The end of 2017 saw a number of important decisions, which have important practical ramifications for the use of Part 36 offers in many commercial litigation cases.


Optical Express Ltd & Ors v Associated Newspapers Ltd [2017] EWHC 2707 (QB)

This was a claim for libel. The particulars of claim were served on 24 February 2015 with details of the Claimants' (Cs') losses at that date with a statement that further loss was expected. Details of further loss were not provided until 8 May 2016 – they were in excess of £20m. Following this, the Defendants (Ds) made a Part 36 offer of £125,000, with a deadline for acceptance of three weeks. This offer was never withdrawn and was eventually accepted on 21 February 2017. By this point significant costs had been incurred due to disclosure and exchange of expert evidence.

The normal rule (CPR 36.13(5)) is that C will be awarded costs on the standard basis up to the end of the "Relevant Period" for acceptance of offer (the 21 day period within which the offer can be accepted with automatic costs consequences). D will usually be awarded costs on the standard basis from this date up to the date of acceptance.
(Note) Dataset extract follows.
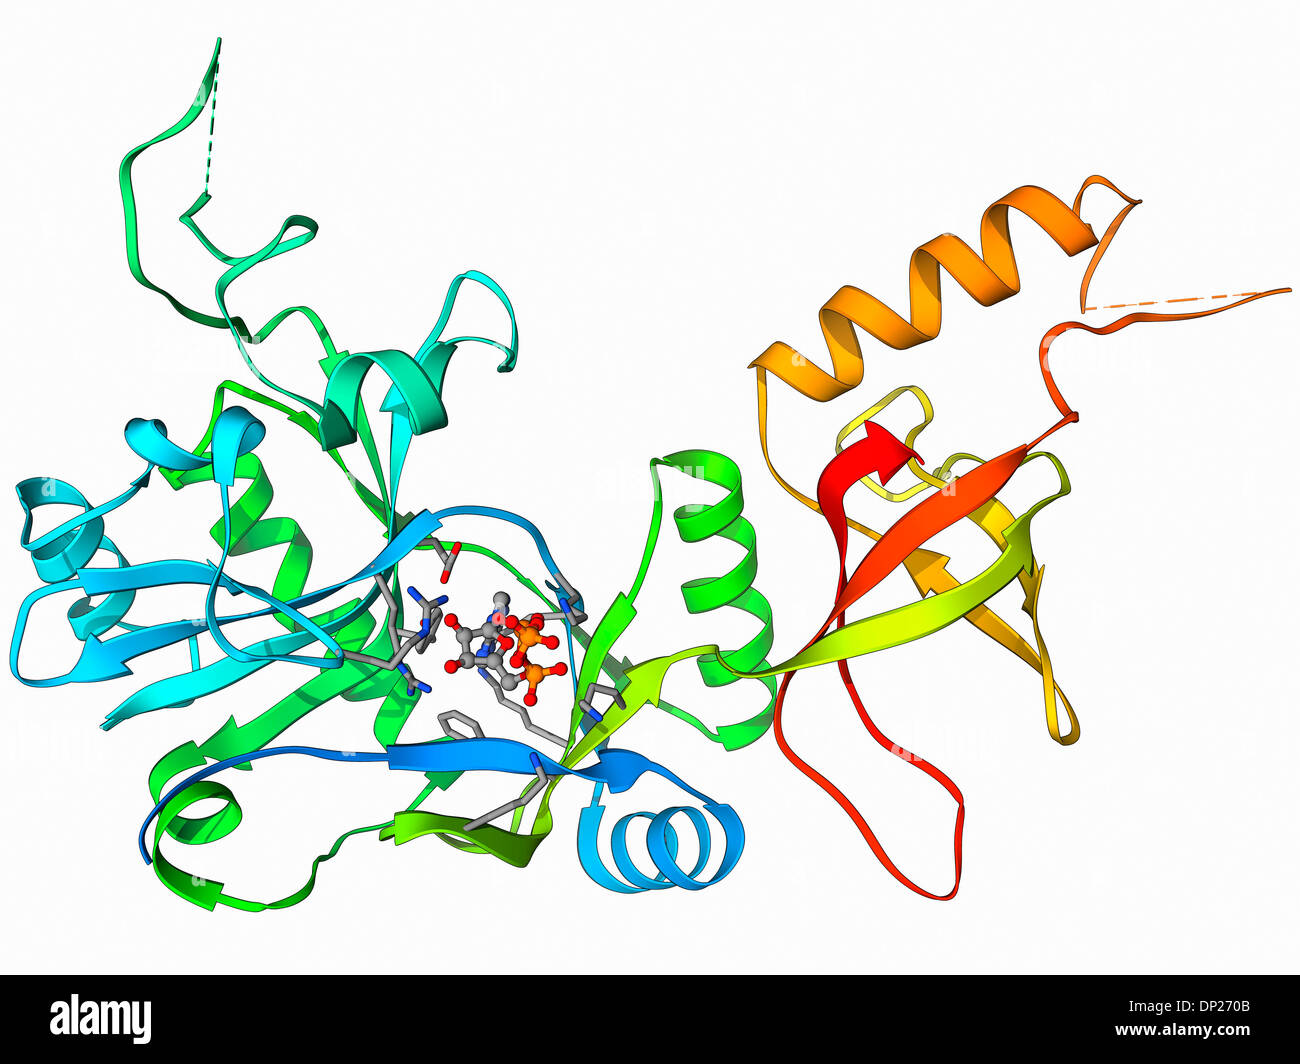 ATP-dependent DNA ligase molecule Stock Photo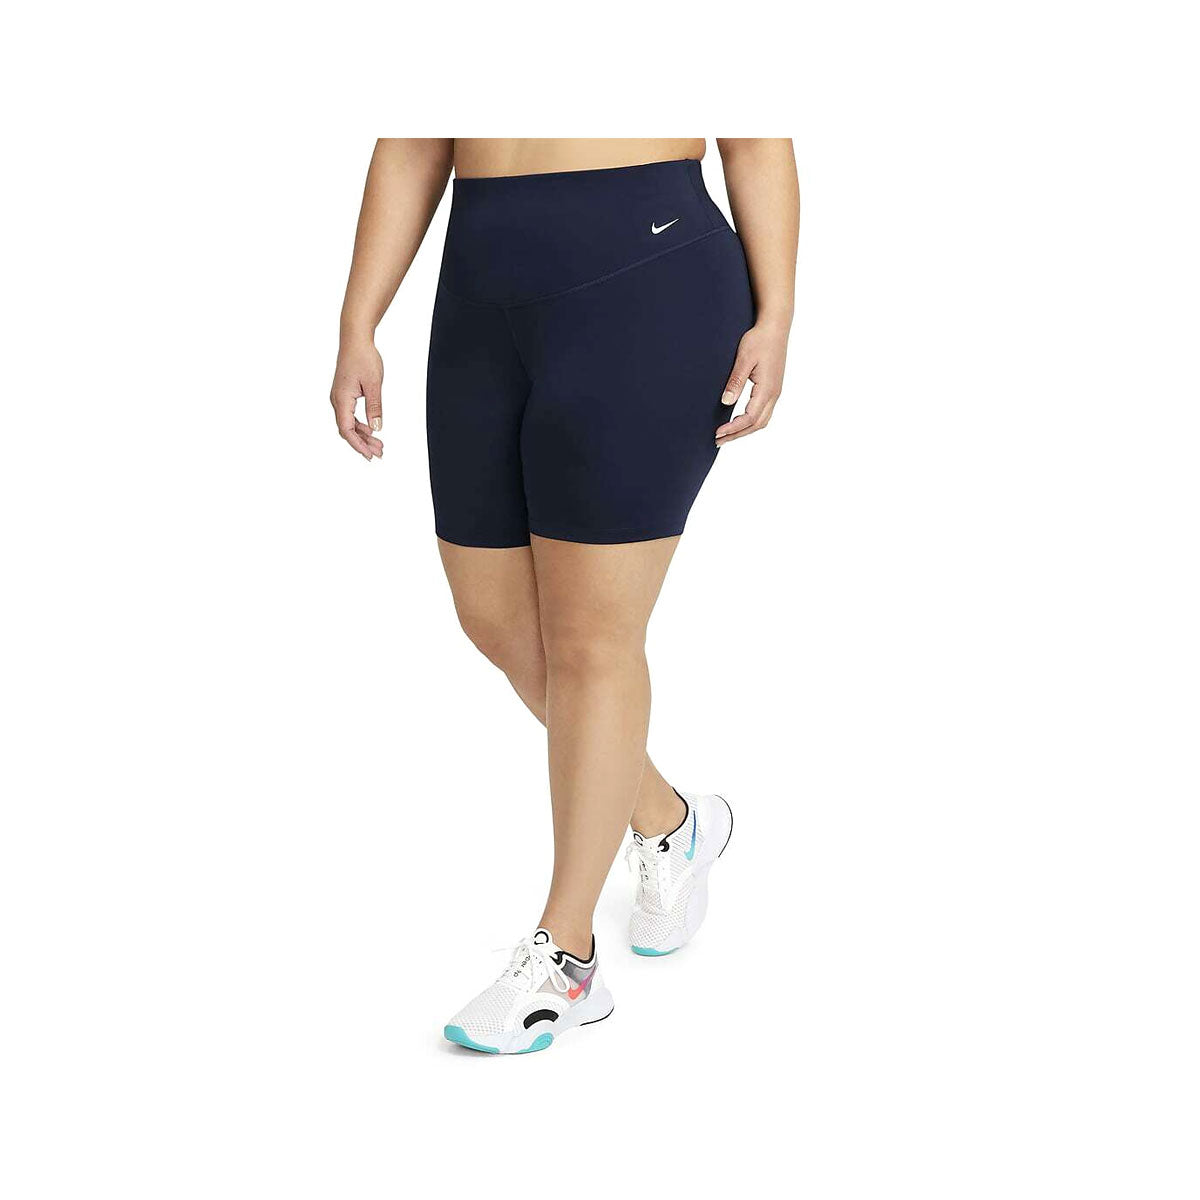 Nike Women's Dry Tight Fit Bike Shorts 7

In this case the court decided it would be "unjust" to apply the normal rule. Firstly, Cs were only awarded costs up to 11 January 2016, on the basis that they should have provided the further information no later than November 2015: the 8 May 2016 response was held to be a direct cause of the Part 36 offer, so the court held that Ds would have made a Part 36 offer sooner, had the additional details of loss been made available to them earlier. Ds could have made an offer with a Relevant Period which would have expired no later than 11 January 2016. Ds were therefore awarded their costs from 11 January 2016 on the indemnity basis. This was on the basis that Cs' conduct in relation to the offer, first rejecting it and then accepting it much later without explanation, was "highly unreasonable".


Claimants should avoid delay in providing details of loss, to enable defendants to make an appropriate offer.


Mohammed v Home Office [2017] EWHC 2809 (QB)

This was a claim for unlawful detention. The Claimant (C) made a Part 36 offer that he would accept £70,000, which was rejected by the Defendant (D). D accepted liability the day before the trial, 8 months after rejecting the Part 36 offer. The judge awarded £78,500, a more advantageous result for C than its own Part 36 offer.

The normal rule (CPR 36.17(4)(a)) is that C will be awarded, in addition to its costs, "interest on the whole of the damages award at a rate not exceeding 10% above base rate". On this point, the judge considered the following factors; the time that had lapsed between the offer deadline and the trial; that C had conducted the litigation reasonably and that D should have conceded liability earlier, amongst others. The judge awarded enhanced interest at a figure of 6% above the base rate from the date of the deadline of accepting the offer to the trial judgment date.

Under CPR 36.17(4) (d) C was also entitled to an "additional amount, which should not exceed £75,000 calculated by applying the prescribed percentage" which here was 10% of the sum awarded to C as the claim was for less than £.5m. The judge queried the interpretation of "sum awarded". Was it:

  • the damages award net of any interest
  • the damages award plus any basic interest or
  • the damages award plus all interest, including any enhanced interest awarded under CPR 36.17(4)(a)

The judge held that it should be "the damages award plus any basic interest" - the sum awarded to C, without the enhancement awarded under Part 36.


The Rules provide for very significant enhanced costs and damages awards for claimants who beat their own Part 36 offers. This is a rare example of a reported decision construing and applying the relevant Rule.